Synopsis: A drug addicted teenage boy shows up unexpectedly at his family’s home on Christmas Eve.
Stars: Julia Roberts, Lucas Hedges, Courtney B. Vance, Kathryn Newton
Director: Peter Hedges
Running Length: 103 minutes
TMMM Score: (8/10)
Review: Well, we’ve all (hopefully) survived another Christmas and many of us will have spent Christmas Eve with our families. While you may have weathered your fair share of withering relatives, bad fruit cake, and are coming home with yet another taupe turtleneck from Aunt Marge, you’ll likely not have had quite as eventful a day as the family featured at the center of Ben is Back. Taking place over one 24-hour period in the lives of a family that’s all in a recovery of one form or another, this is the kind of harrowing familial drama that makes you glad you’re just dealing with an uncle with opposing political views.
It’s Christmas Eve in a small town in upstate New York. On the way back from a church program rehearsal with her three children, Holly (Julia Roberts, Steel Magnolias) is shocked but overjoyed to see her first-born son Ben (Lucas Hedges, Moonrise Kingdom) standing in the driveway waiting for them. For Holly and her two youngest children, Ben’s arrival is met with joy but for her daughter (Kathryn Newton, Lady Bird) and husband (Courtney B. Vance, Office Christmas Party) the return is anything but a Christmas miracle. Burned in the past by Ben’s addiction to drugs and the horrific behavior that it brought out, both are leery that he’s changed enough to be trusted. Holly chooses to believe her son has finally turned his life around and that his 77 days sober is enough proof for her family to see that he’s on a new path.
With her eye on her son (and her medications and valuables safely locked away), Holly spends the next day trying to focus on the holiday at hand while nervously watching for signs that he’ll disappoint her. He’s manipulated her in the past and she’s ready to call him on any indication that he’s not being fully straight with her. They go Christmas shopping, they attend an AA meeting where Holly gets a first-hand account of what recovery looks like not only for her son but for the men and women continuing to struggle with addiction in their later years. Later, they’ll go on another more complex journey both physical and emotional that takes them through painful memories.
Written and directed by Peter Hedges (The Odd Life of Timothy Green), Ben is Back has a fairly solid and tension filled first half that eventually gives way to a second act I didn’t enjoy quite as much.

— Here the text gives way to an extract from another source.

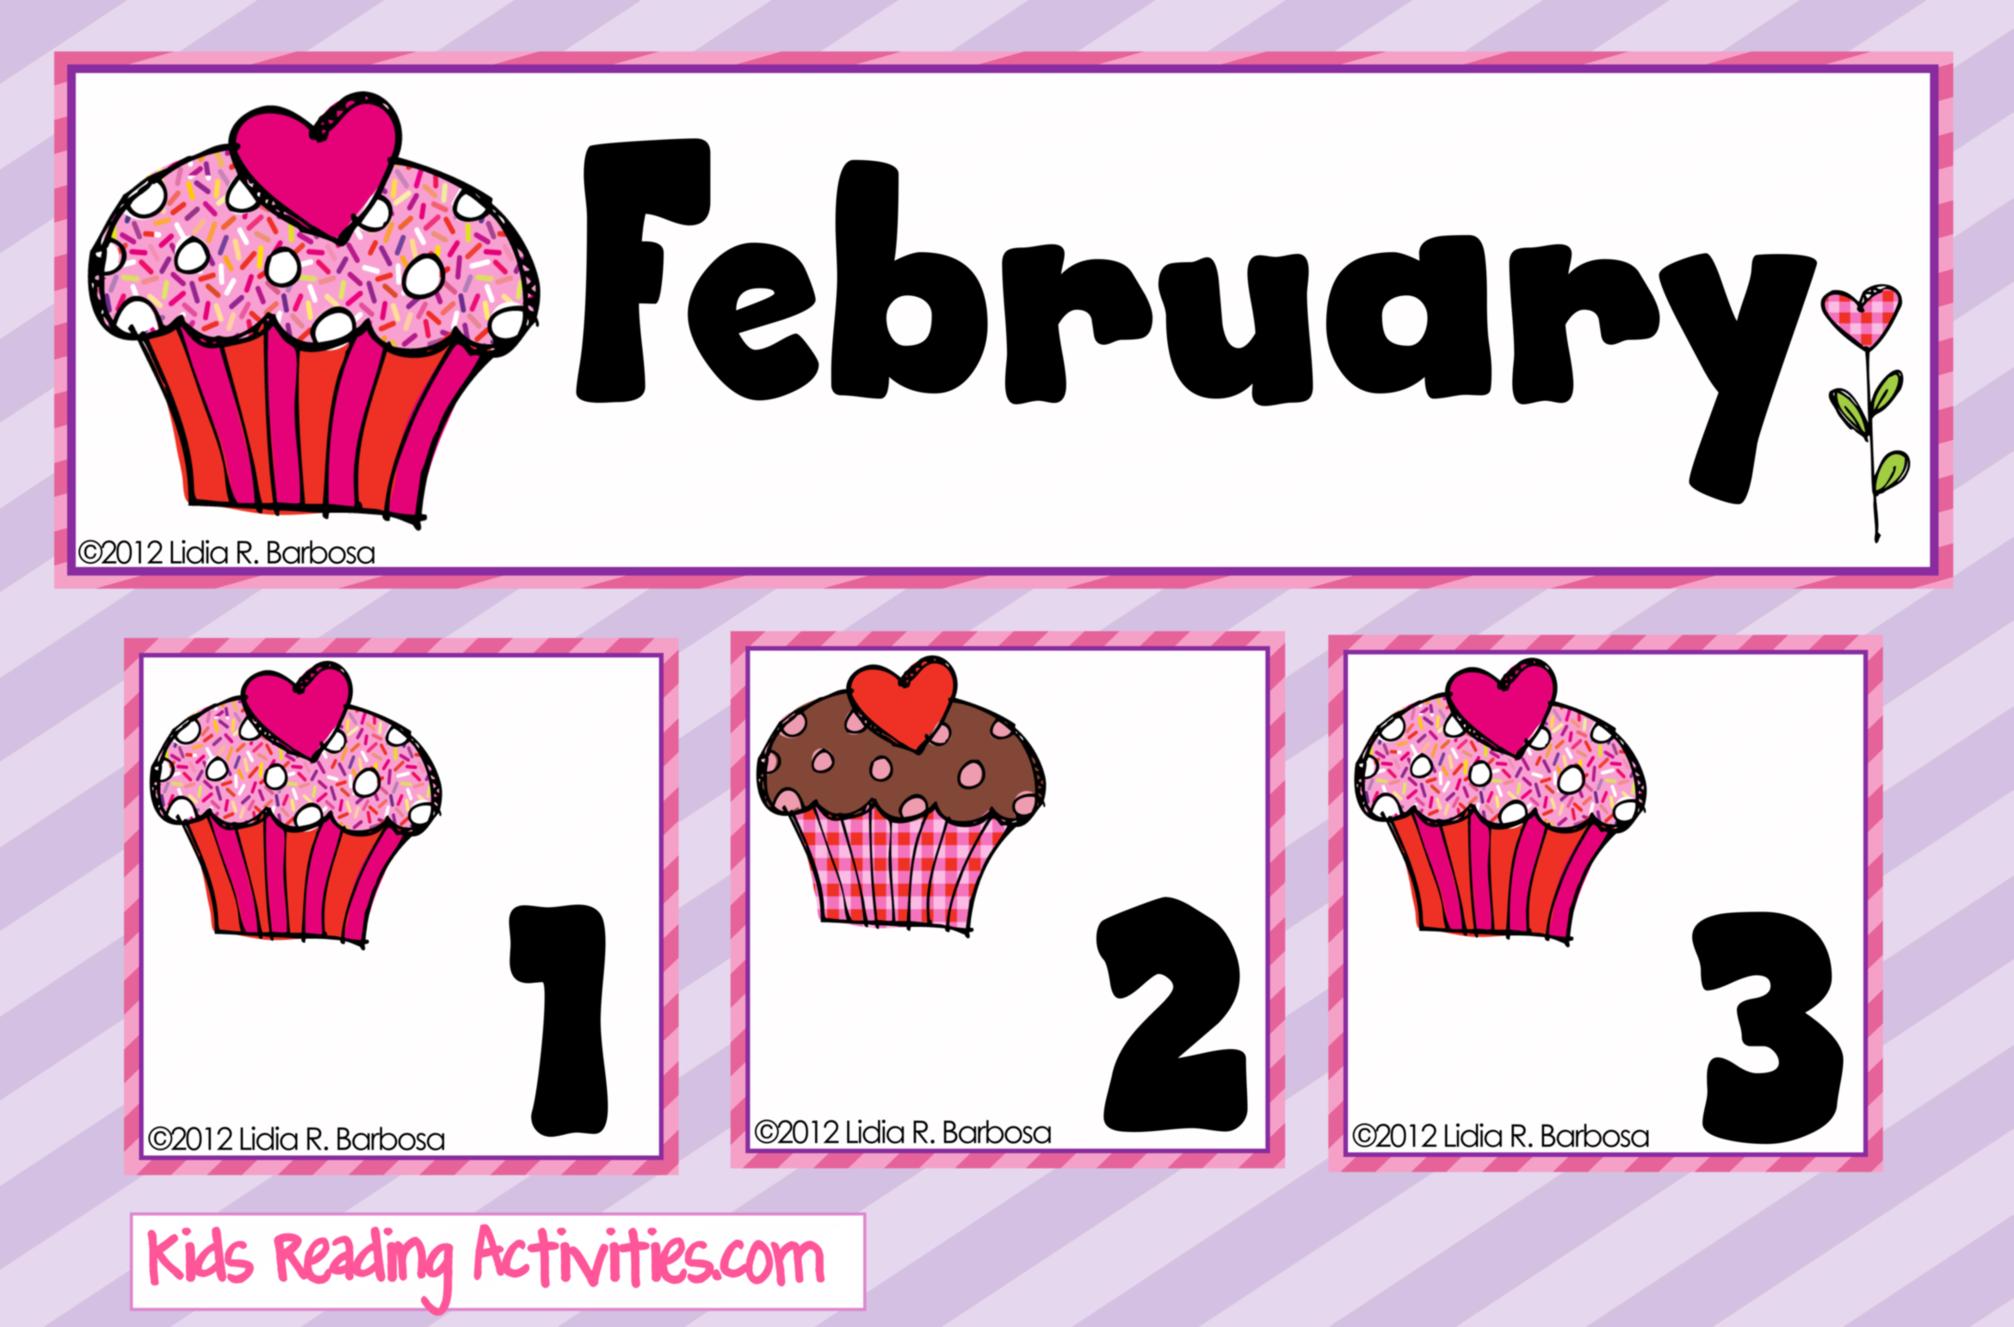 Free Calendar Pieces Strawberry And Chocolate Cupcakes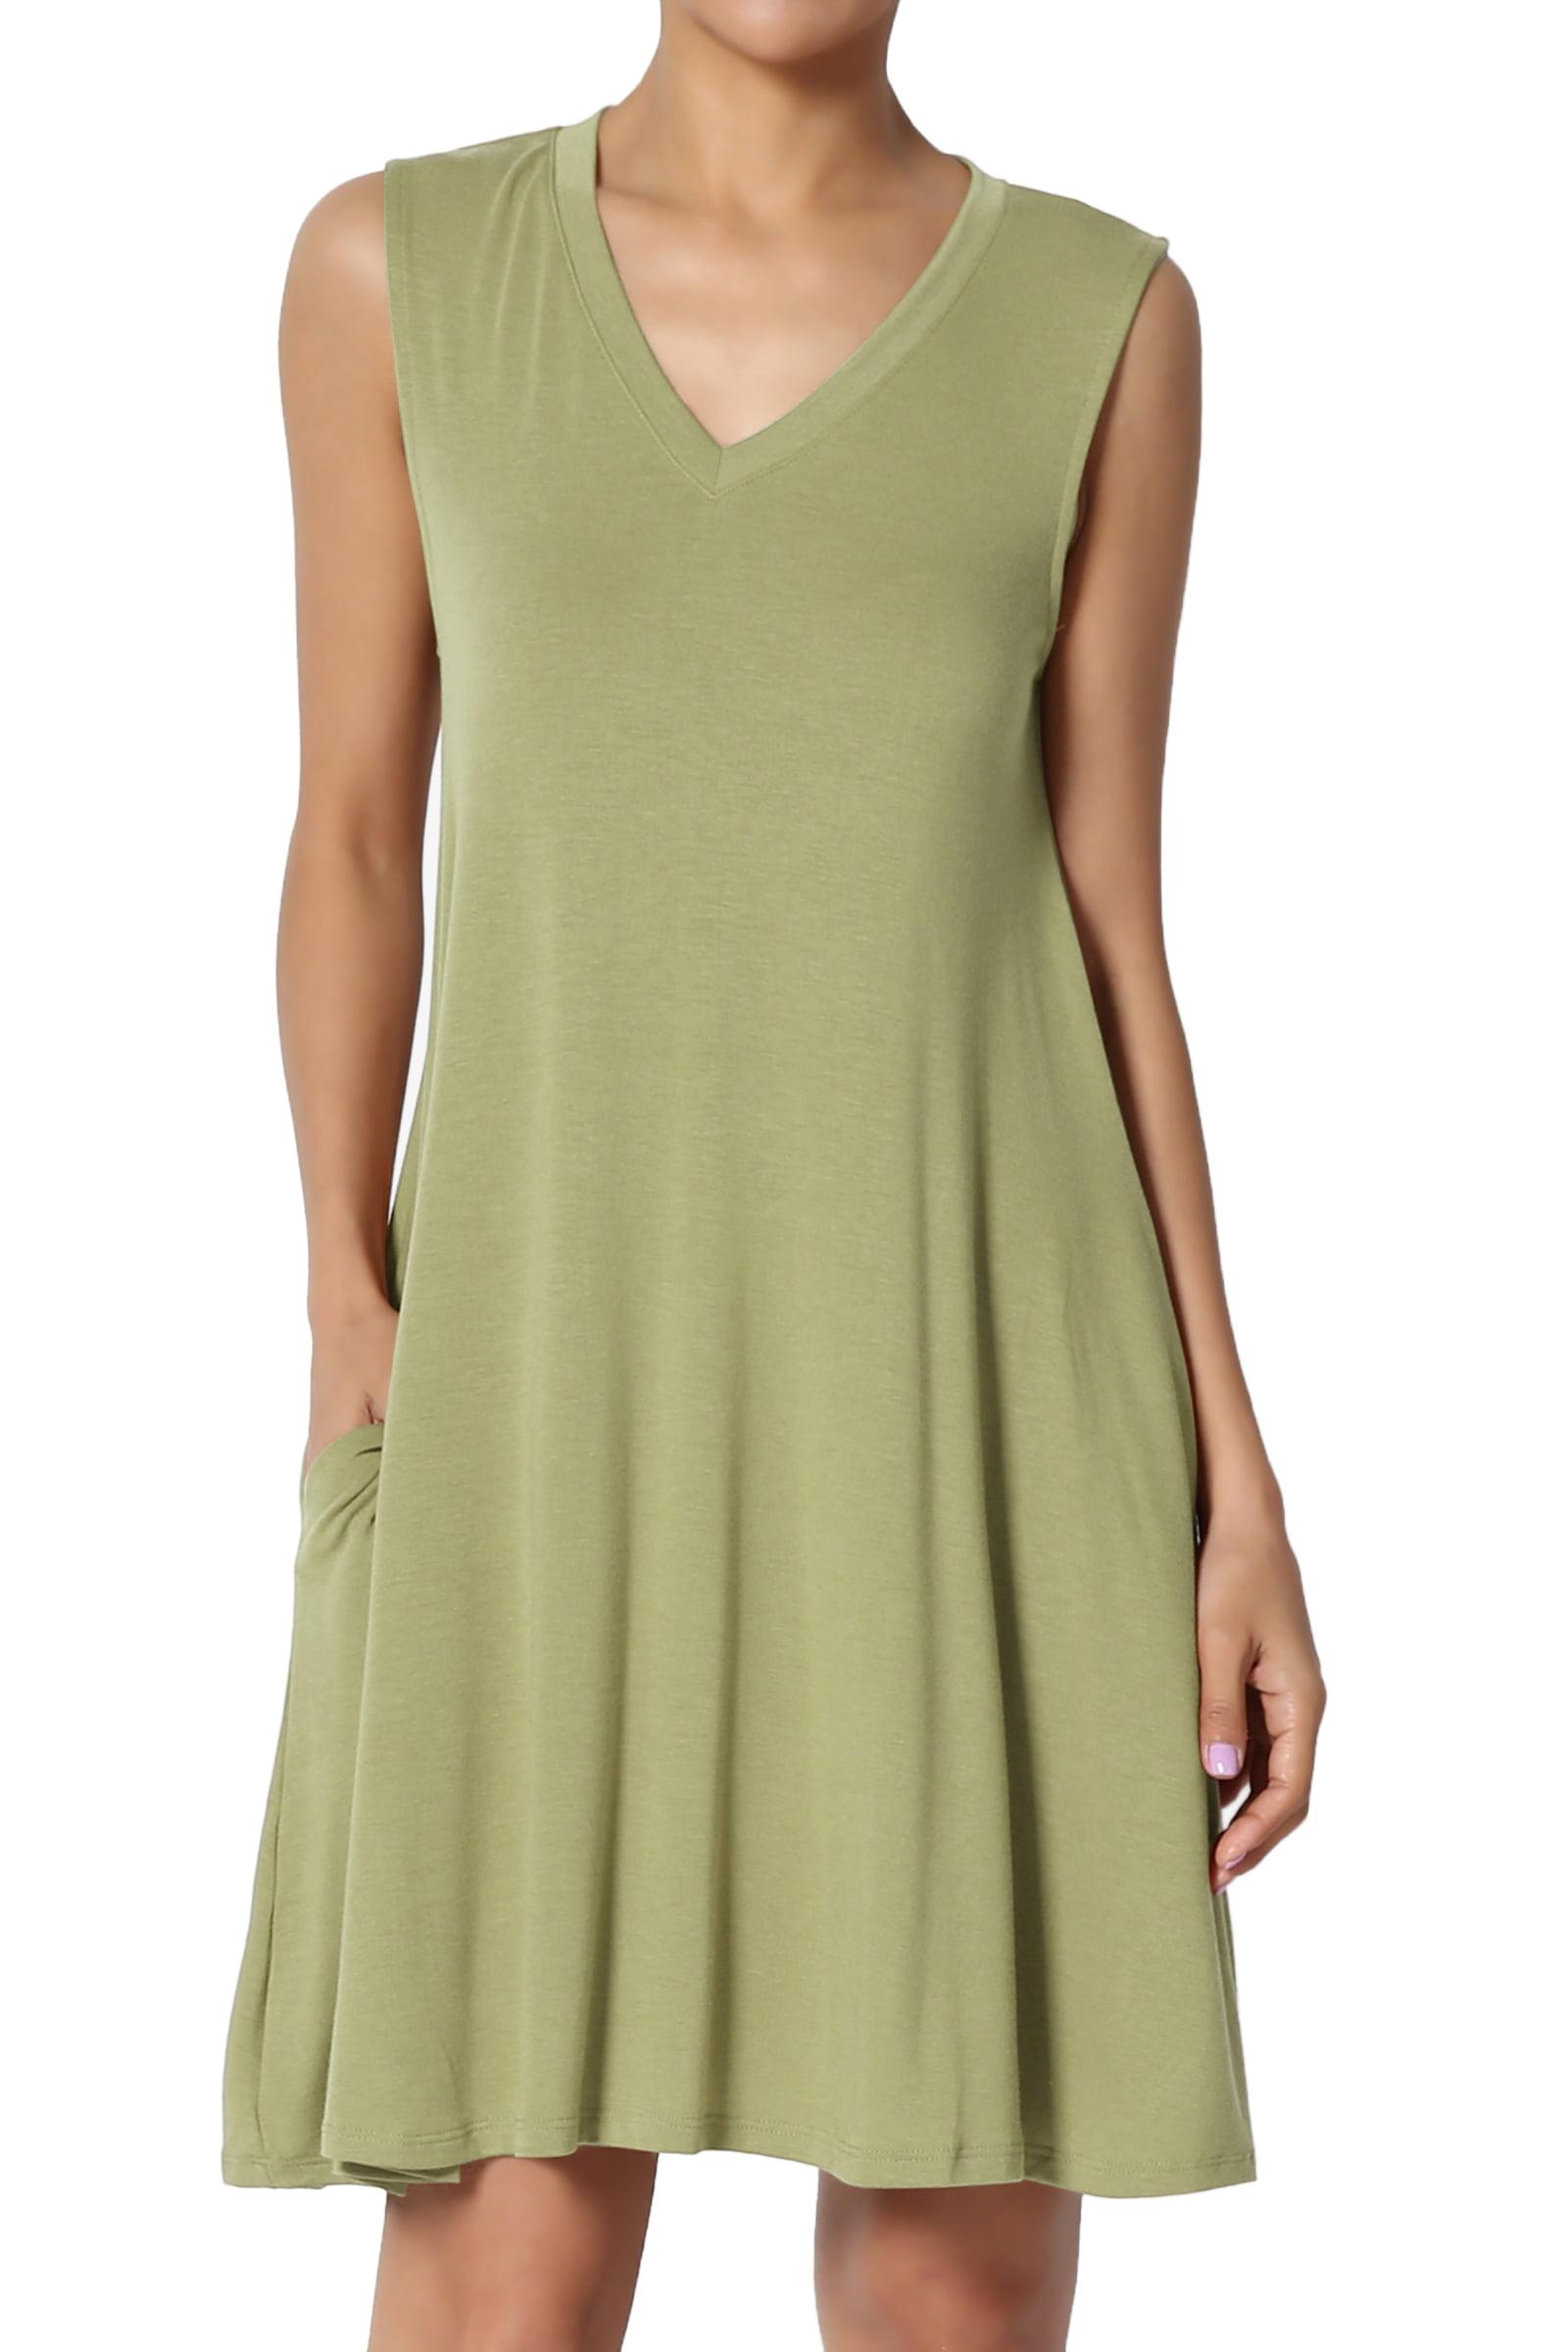 TheMogan Women's S~3X Sleeveless V-Neck Pocket Swing Flared Long Tank Top Mini Dress

It’s at that midpoint the movie switches things up from a stress-inducing drama focused on the devastating effects addiction has on families to a more traditional storytelling arc that feels like something we’ve all seen before. It’s as if the scripts for two separate and half-finished movies dealing with the same subject were cobbled together. That being said, I wasn’t ever sure how things would turn out for Holly and Ben and for that I was grateful.
What makes the movie so very watchable are the two lead performances, namely Roberts in one of the best roles of her career. A true Hollywood A-List star, Roberts has coasted a bit in the years following her Oscar win for Erin Brockovich, taking on projects for fun (Mirror Mirror), in support of prestige leads (August: Osage County), or what had to have been as a favor (Mother’s Day). She’s back in full force in Ben is Back, going total mama bear as she fights to protect her son from himself and fend off all others that may stand in her way. Through it all, Roberts layers her character with idiosyncrasies and flaws that show she’s not perfect either but reinforce she’s human like the rest of us. For someone so recognizable with that mega-watt smile, she’s remarkably adept at blending in with ordinary folk.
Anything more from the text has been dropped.